Series: MS-101
Azure AD: Conditional Access Policies
tl;dr: An overview of conditional access policies.
Passwords are inadequate. Even for standard consumer tools, you should have at least two more tools in your toolbox: a password manager and multi-factor authentication. Those help make passwords suck less. But they do leave open some questions like: should you need to perform multi-factor authentication every time you log in? Should access be all or nothing, or should there be any accounting for degrees of risk?
Conditional access policies, part of Microsoft Azure AD, goes a step further. It’s built on a zero trust model, meaning that it starts by assuming that you shouldn’t have access and then builds up trust based on several factors. Those factors usually include a password (except for the new passwordless option), but are not limited to them, in order to help cover over all the problems that come with passwords. Some of these other conditions include:
- Sign-in risk: a tool in Azure Identity Protection that evaluates risk on this particular sign-in, which includes variables like signing in from an anonymous IP address
- User risk: also part of Azure Identity Protection that evaluates risk based on the user’s behaviour over time
- Device platform: what kind of device are they trying to sign in on
- Location: based on IP address, e.g. your office
- Device state: paired with device compliance policies from Endpoint Management, this can set access rules based on whether the device is compliant or not
Conditional access policies allow you to define exactly what you want to happen depending on a variety of risk factors. Along with those conditions, you get options to configure:
- What users or groups this policy applies to. For example, you probably want stricter conditions for admin accounts.
- What cloud apps or actions are affected. For example, perhaps in a low user risk scenario, you want to block access to SharePoint but not email.

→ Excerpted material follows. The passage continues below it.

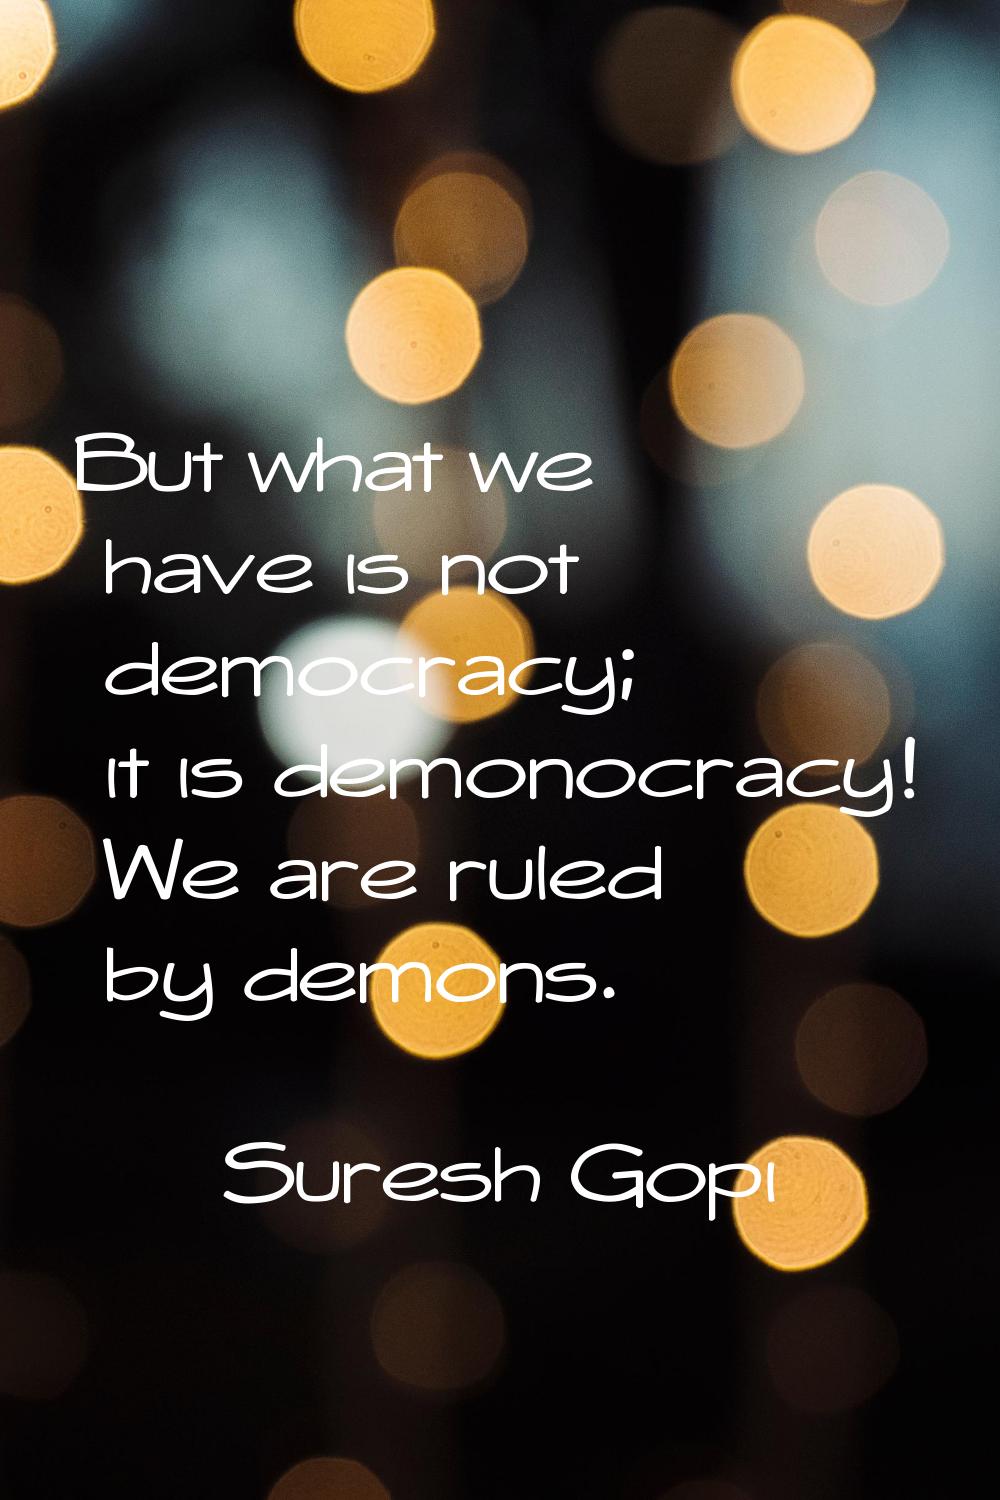 But what we have is not democracy; it is demonocracy! We are ruled by demons.

- Whether you want to block or grant access. Grant access will allow signing in, but only after some extra security checks, like multi-factor or device compliance. Imagine a scenario like a user taking their work laptop to a coffee shop (use the location for the condition). You may want to allow that but require MFA again. The extra MFA check helps protect against the possibility that the laptop was stolen but it still lets the real user in.
- Session restrictions which can require signing in more frequently. In that coffee shop example, you may want to require signing in again every hour to limit potential that the user left their machine open to go to the bathroom.
- Whether the policy is on, off, or report-only. The report-only option can be helpful as a trial run to see how many people meet the conditions over a week before starting to enforce the restrictions. You may discover a lot more people work in coffee shops than you realized and that could alter your strategy of how to best enforce security.